In the immune response, ʟ-arginine metabolism through NOS2 and Arg-1 has a pivotal role in the regulation of the effector capabilities of macrophages, dendritic cells, and neutrophils [17, 18, 19, 20] during infectious processes caused by a great variety of microorganisms: different species of Mycobacterium, Leishmania, Trypanosoma, Schistosoma, and Salmonella, among others [21, 22].
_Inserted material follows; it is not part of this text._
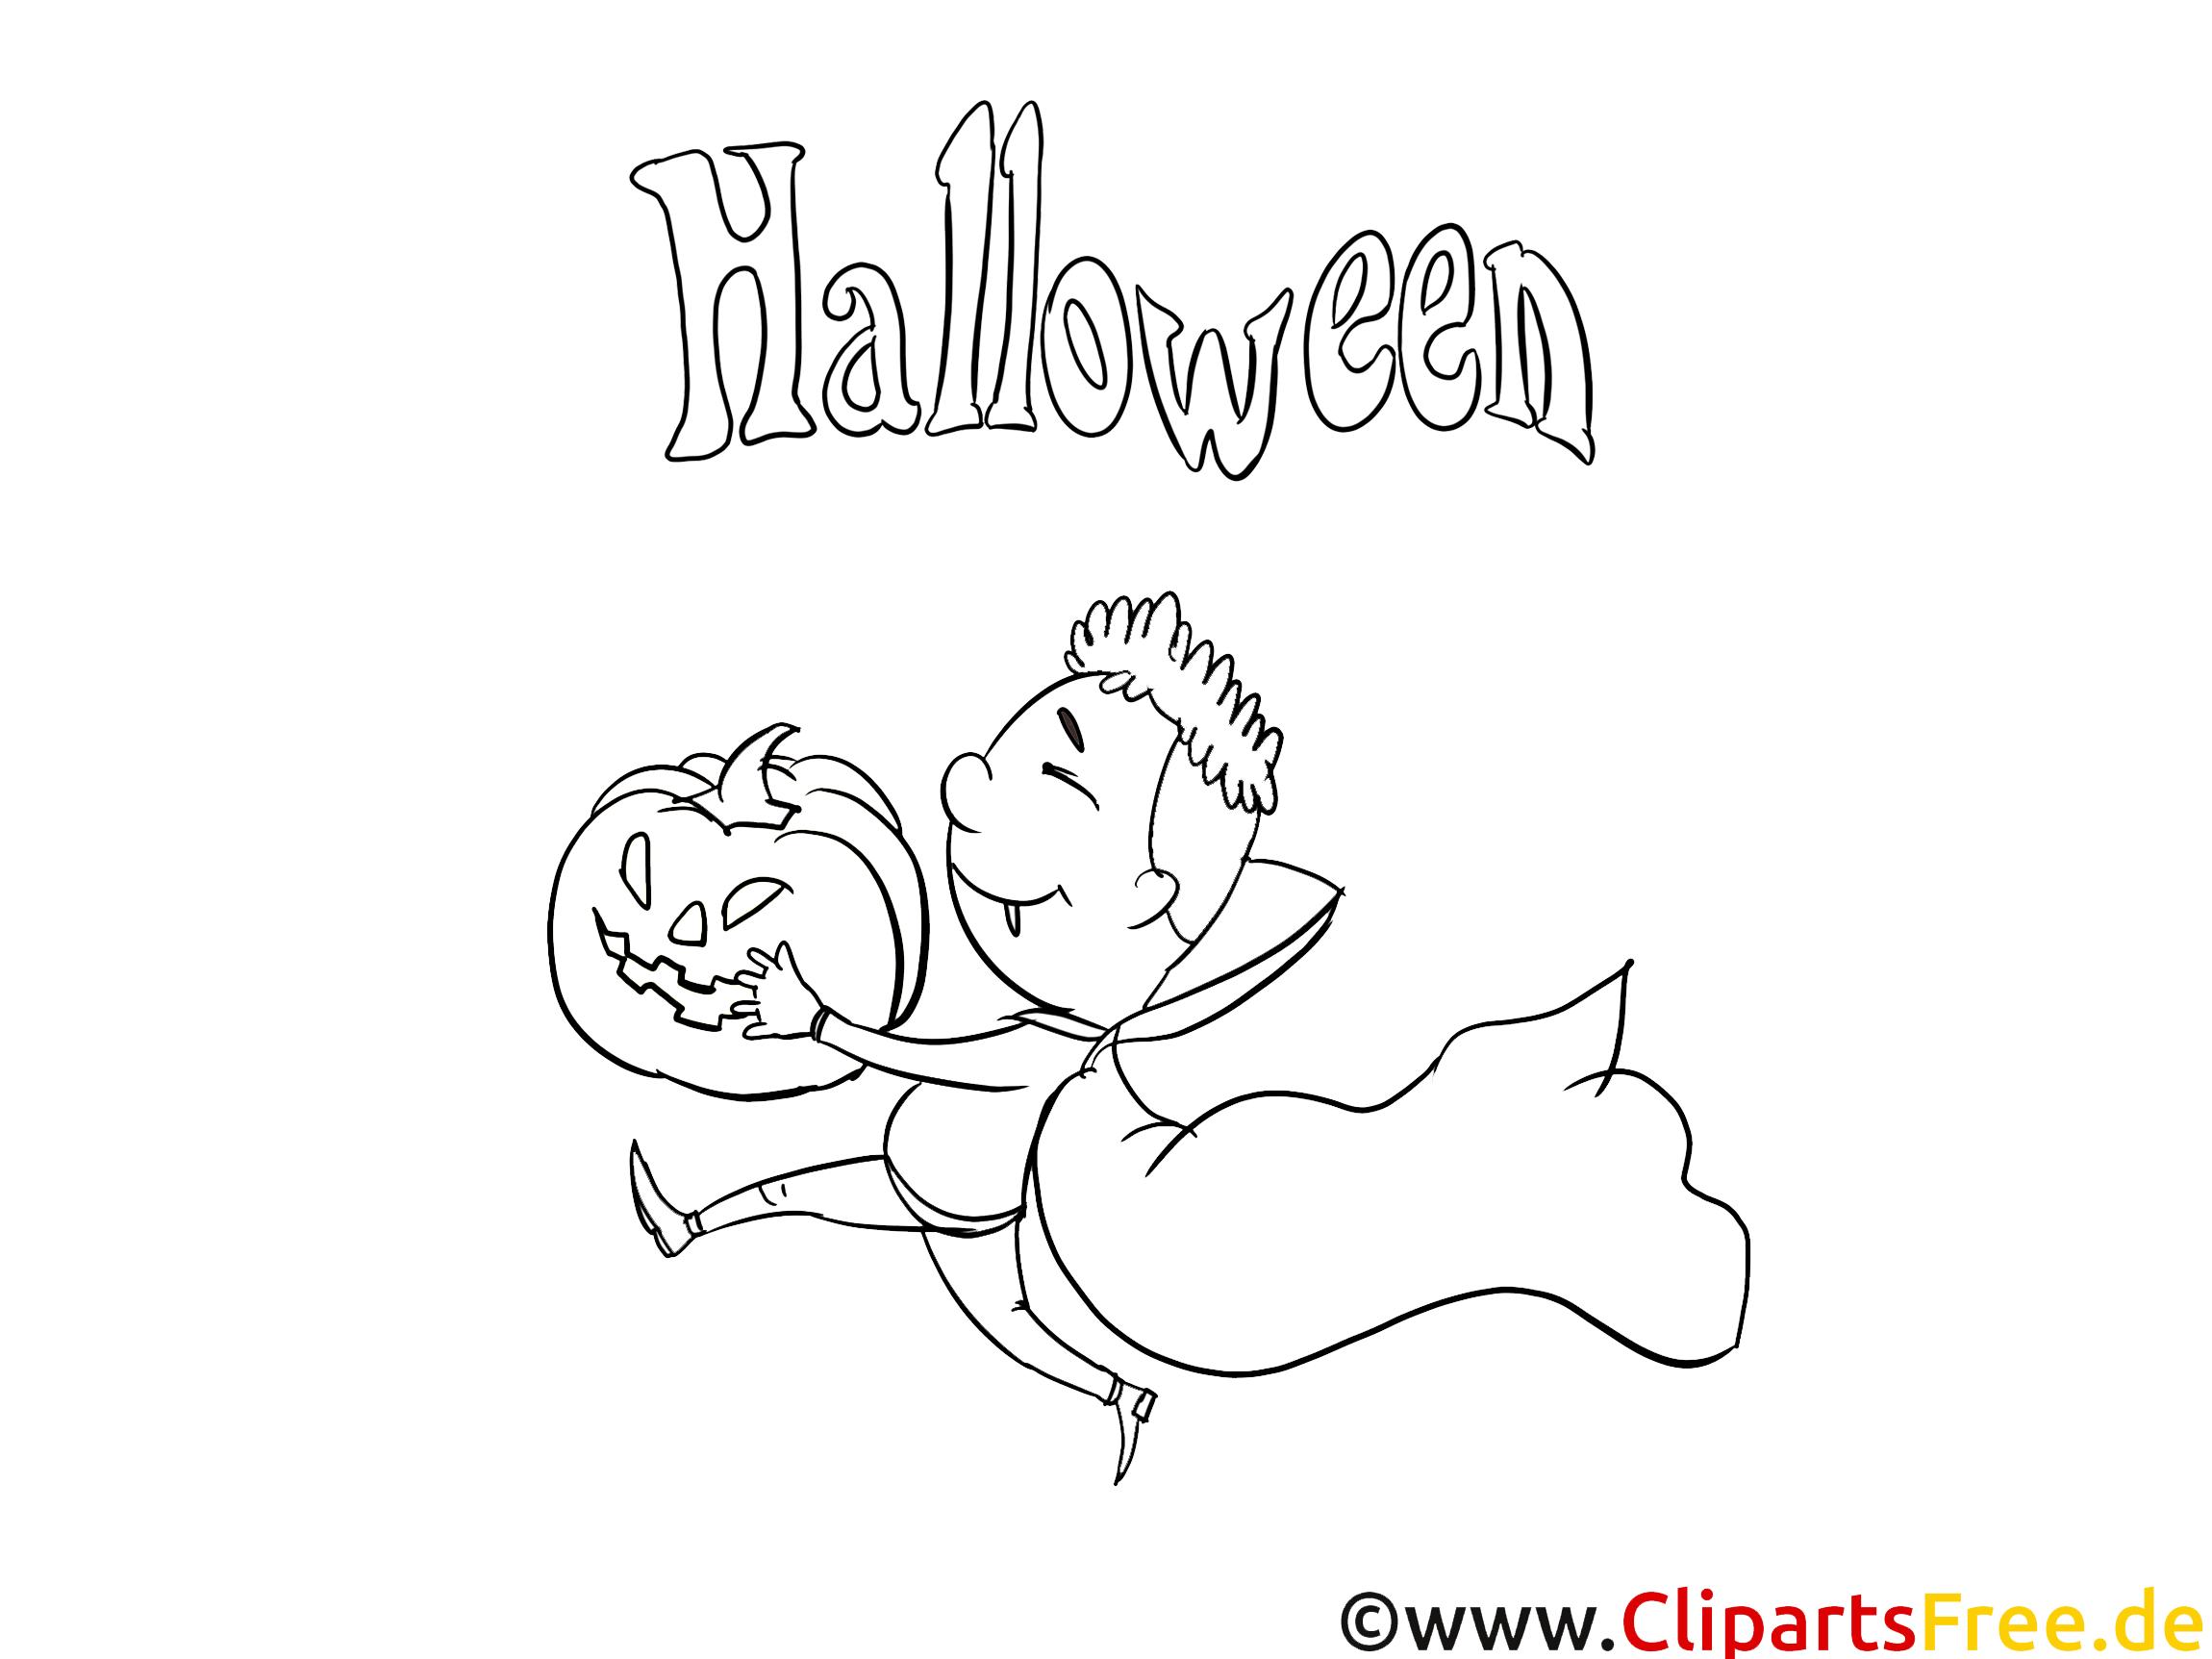 Halloween Grafik zum Malen

l-arginine metabolism in the immune response acquired great relevance with the discovery that murine macrophages express both NOS2 and Arg-1 and that their expression is reciprocally regulated by the action of Th1/proinflammatory cytokines (e.g., IFN-γ and TNF-α) and Th2/anti-inflammatory (e.g., IL-4, IL-10, and IL-13) that determine the activation state of macrophages [19, 23, 24, 25, 26, 27]. Th1 cytokines activate macrophages in a classical way (CAMФ) and induce the expression and function of NOS2, while Th2 cytokines activate macrophages in an alternative way (AAMФ) and induce the expression and function of Arg-1.

NOS2 or iNOS is an oxide-reductase responsible for the synthesis of l-citrulline and nitric oxide (NO•) from ʟ-arginine in the presence of NADPH and oxygen. This reaction occurs through two successive reactions: the monooxygenation of ʟ-arginine that drives to the production of the intermediary Nω-OH- l-arginine (NOHA) and the subsequent hydrolysis of this last compound, thus producing ʟ-citrulline and NO• (Figure 2). NOS2 generates both NO• and superoxide (O2) that together react to form the radical peroxynitrite (ONOO) [28]. This last compound has been identified as a reactive species derived both from oxygen and nitrogen (RONS) that constitutes the principal cytostatic or cytotoxic mechanism of CAMФ to fight the infections generated by virus, bacteria, fungi, and protozoan parasites [20, 23, 26, 29].

Figure 2.

l-arginine metabolism through iNOS and Arg-1. iNOS, inducible nitric oxide synthase; Arg-1, arginase 1; NOHA, Nω–OH-l-arginine; OAT, ornithine-aminotransferase; ODC, ornithine-decarboxylase; NO•, nitric oxide; O2, superoxide, RNOS, oxygen and nitrogen reactive species; ONOO-, peroxynitrite.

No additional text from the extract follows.